• _What you need to do_
Transcribe the data exactly, omitting whatever pictures it holds.

• _Recorded information_

= Beginning of Section =

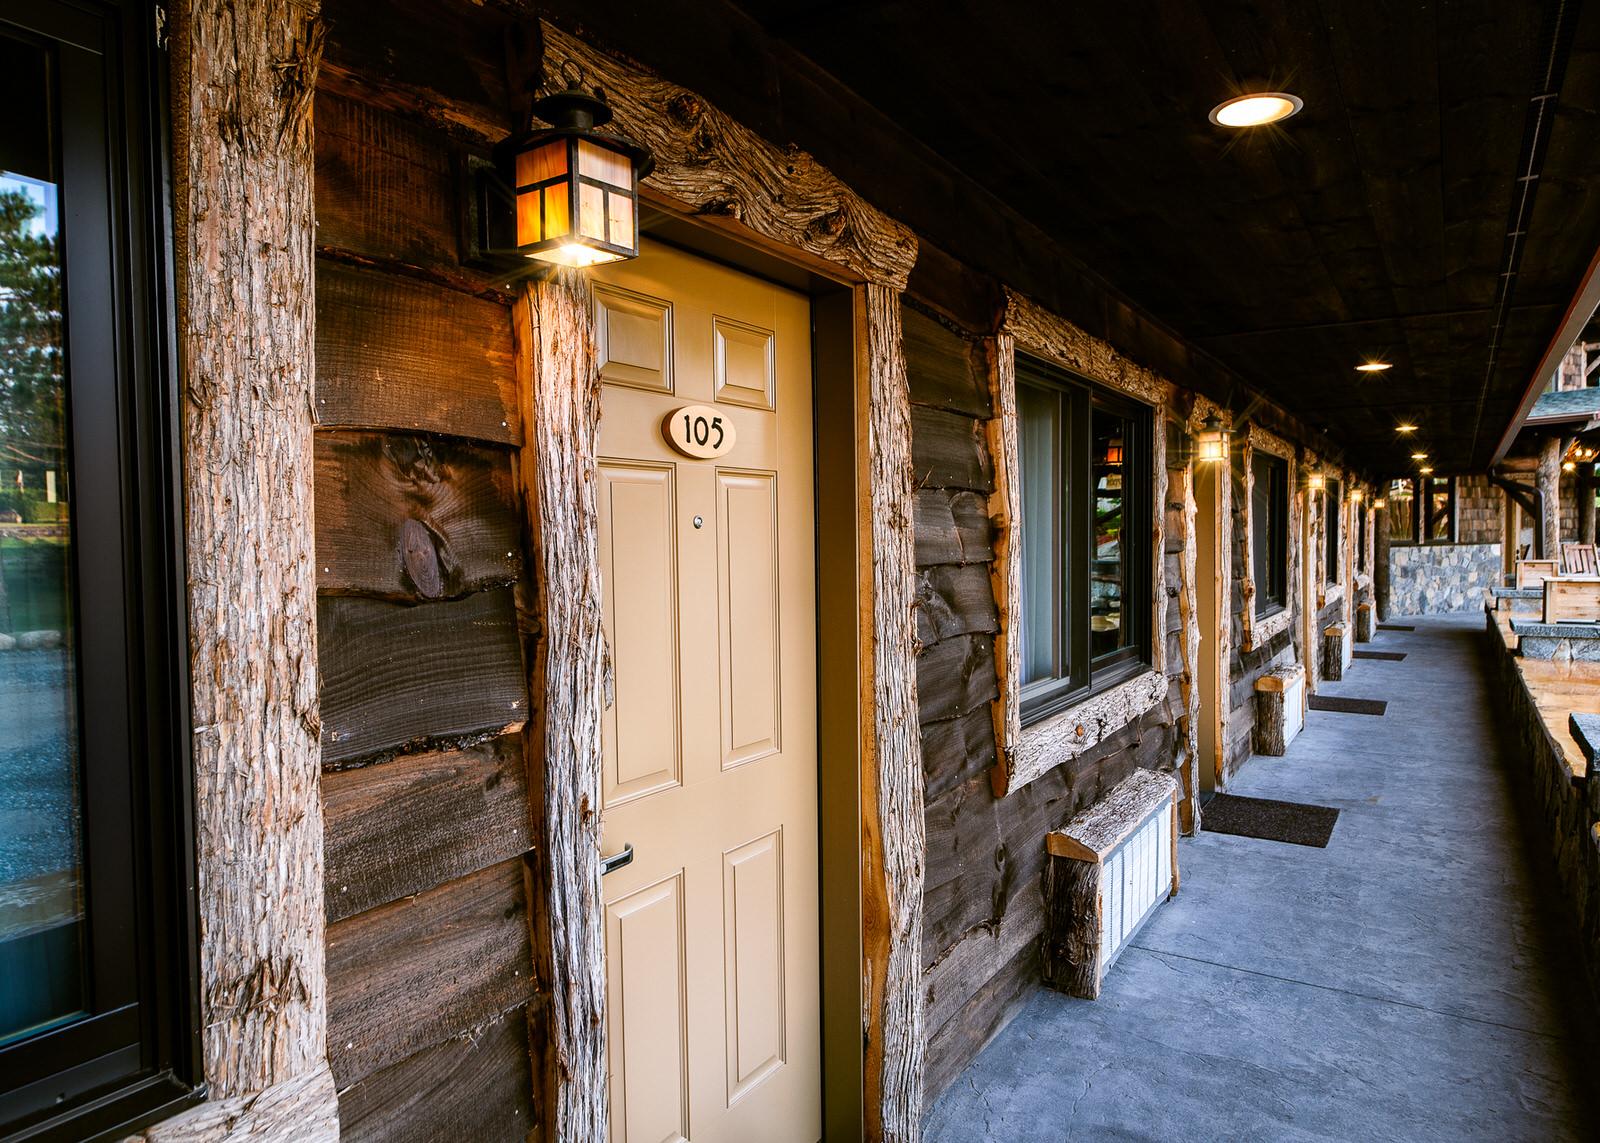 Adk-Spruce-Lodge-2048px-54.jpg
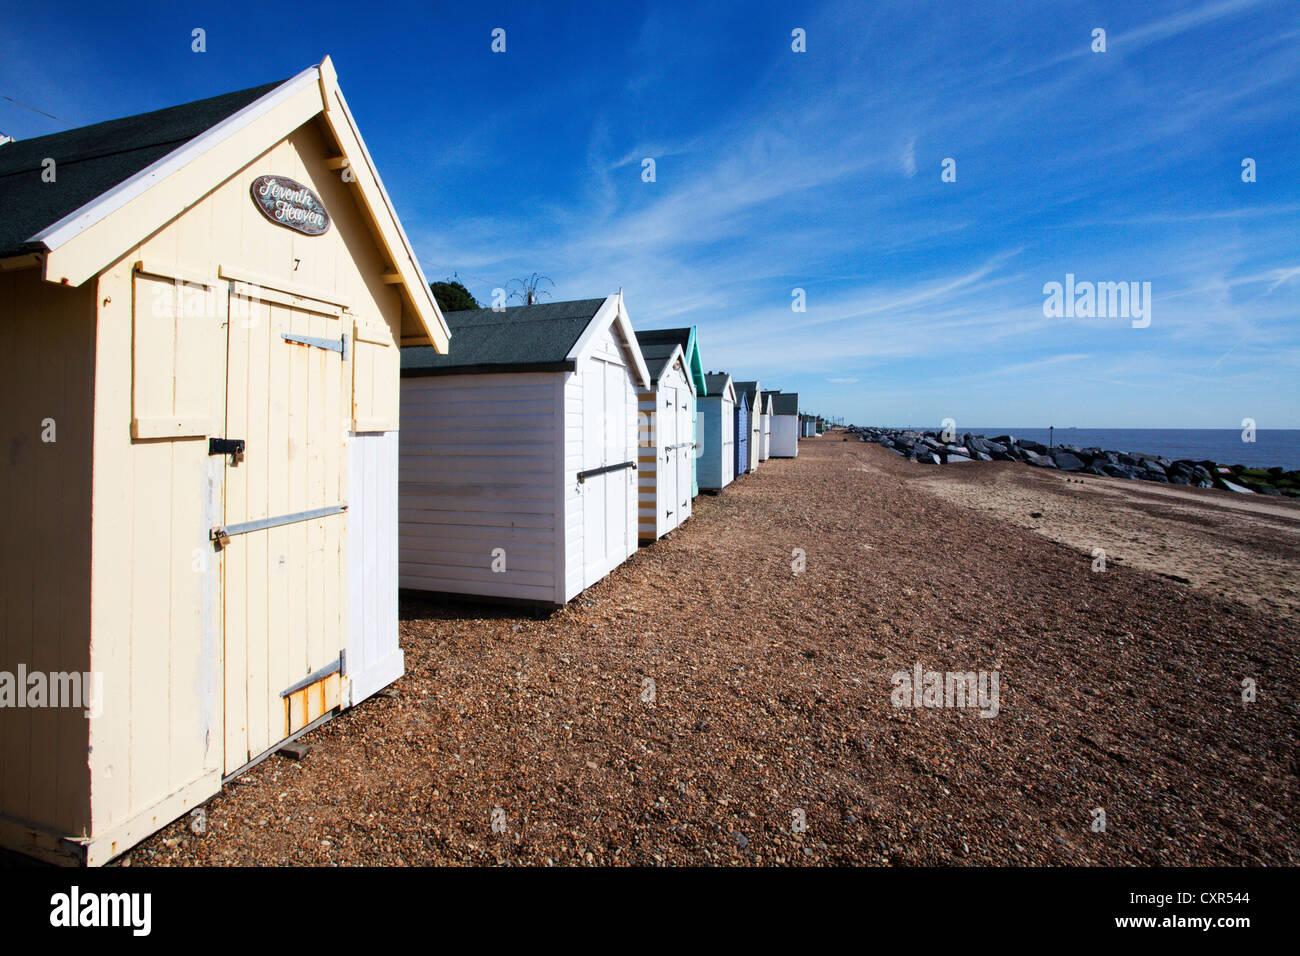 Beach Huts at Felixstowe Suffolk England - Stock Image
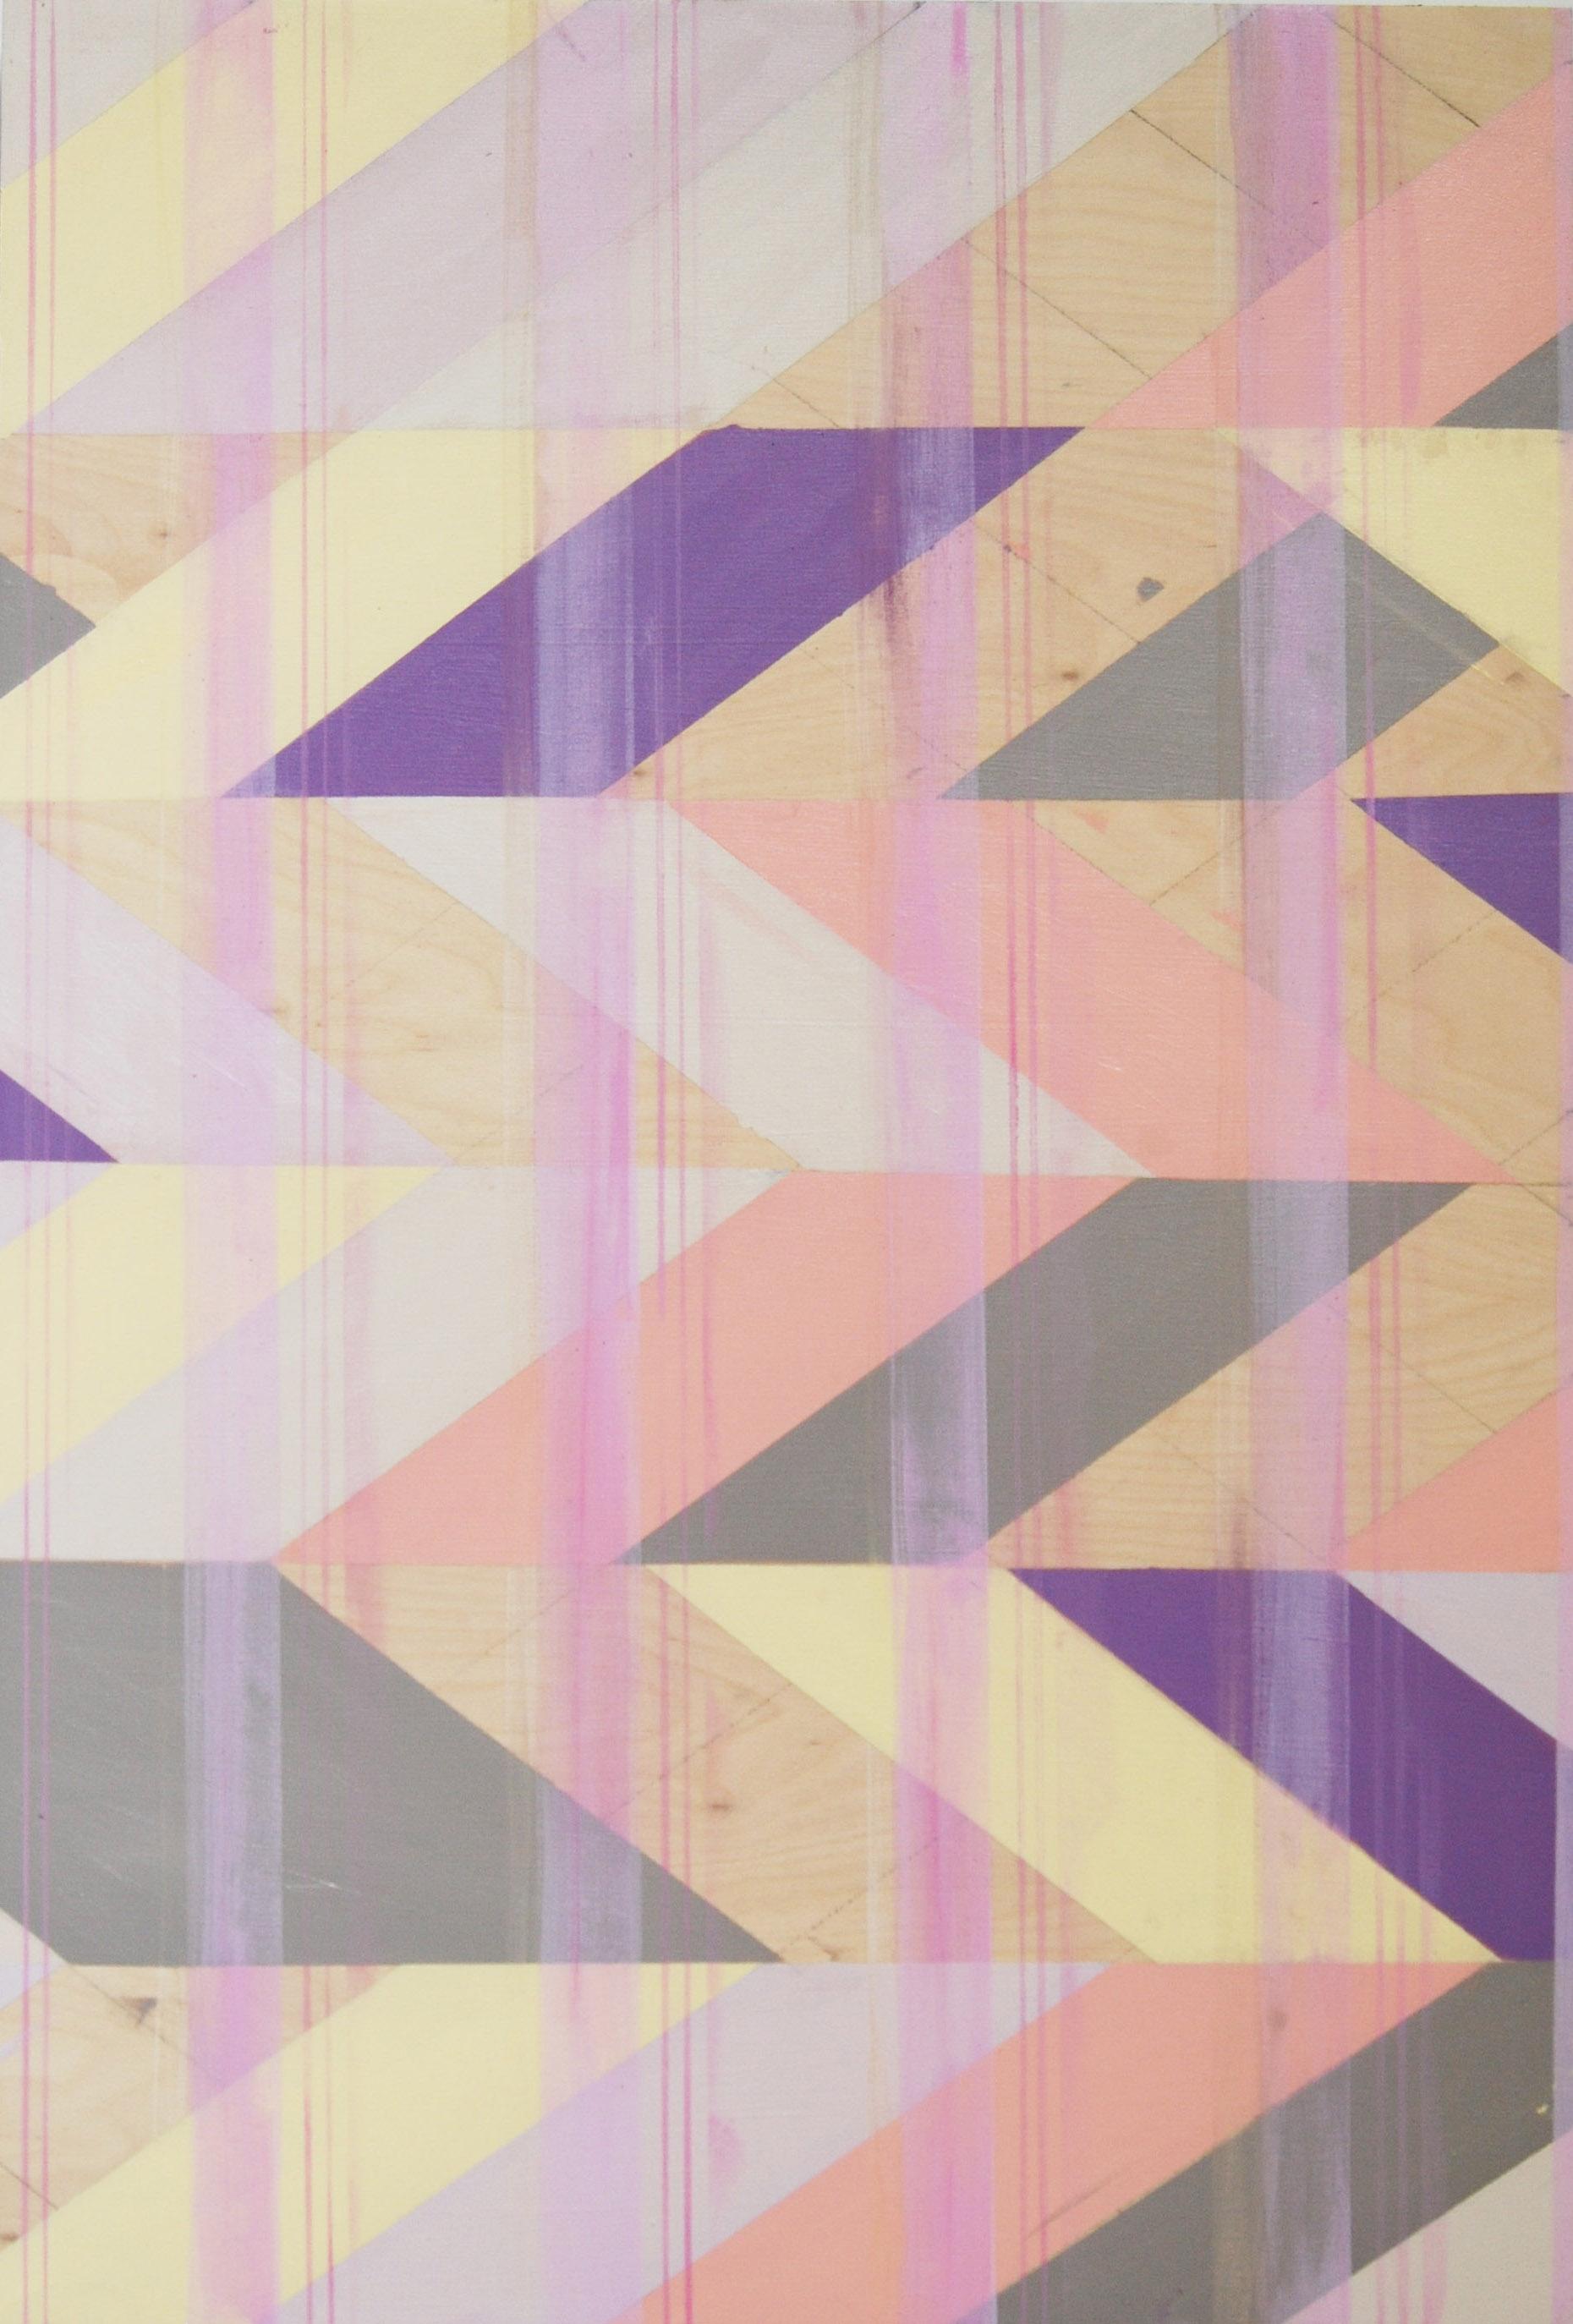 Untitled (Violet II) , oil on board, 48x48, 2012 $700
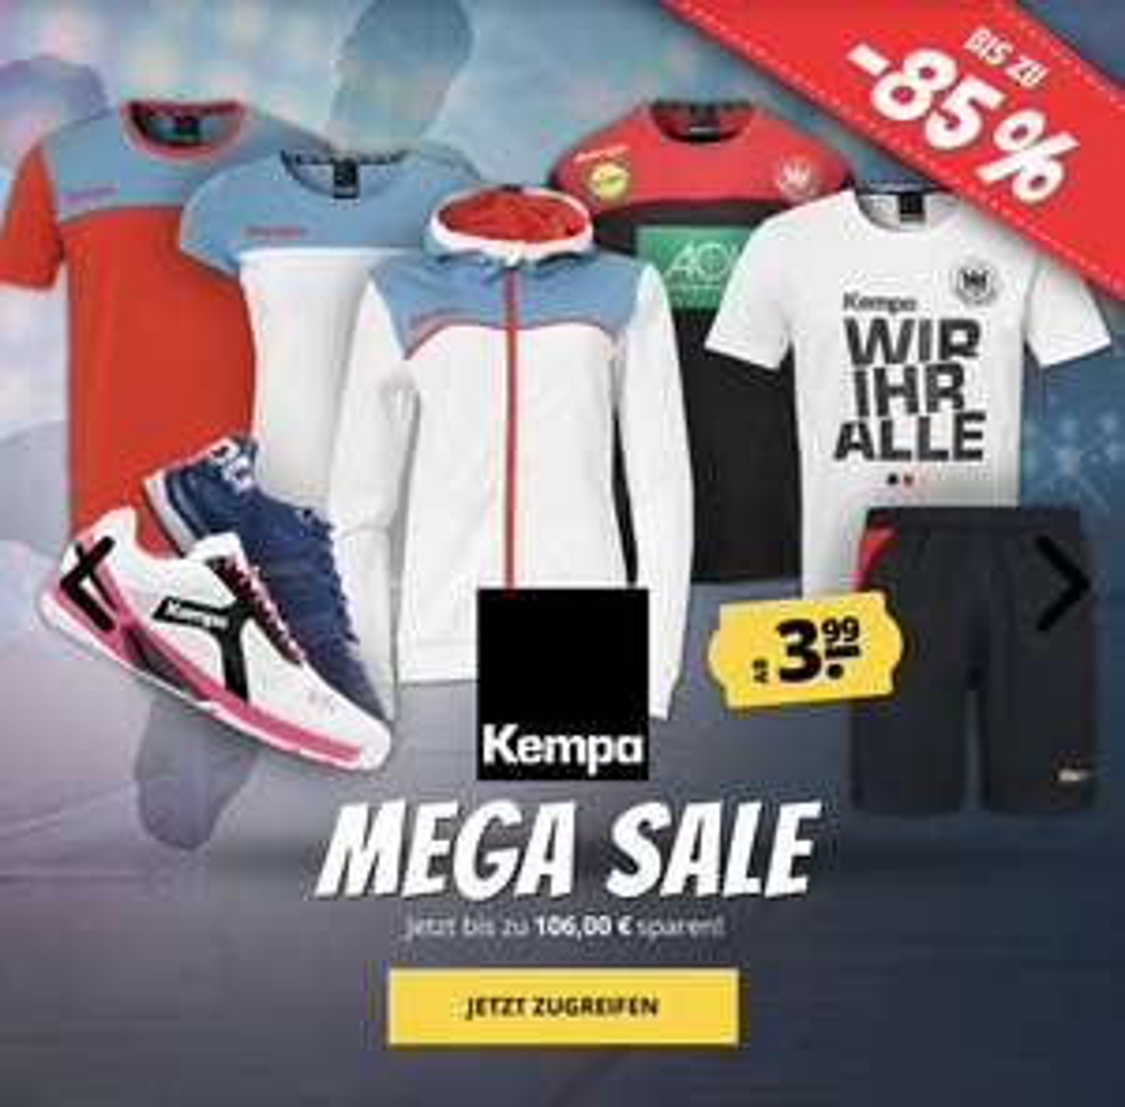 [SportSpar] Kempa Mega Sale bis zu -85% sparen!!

= End of Section =

• _Result of this exercise_
 Adk-Spruce-Lodge-2048px-54.jpg
 Beach Huts at Felixstowe Suffolk England - Stock Image
 Untitled (Violet II) , oil on board, 48x48, 2012 $700
 [SportSpar] Kempa Mega Sale bis zu -85% sparen!!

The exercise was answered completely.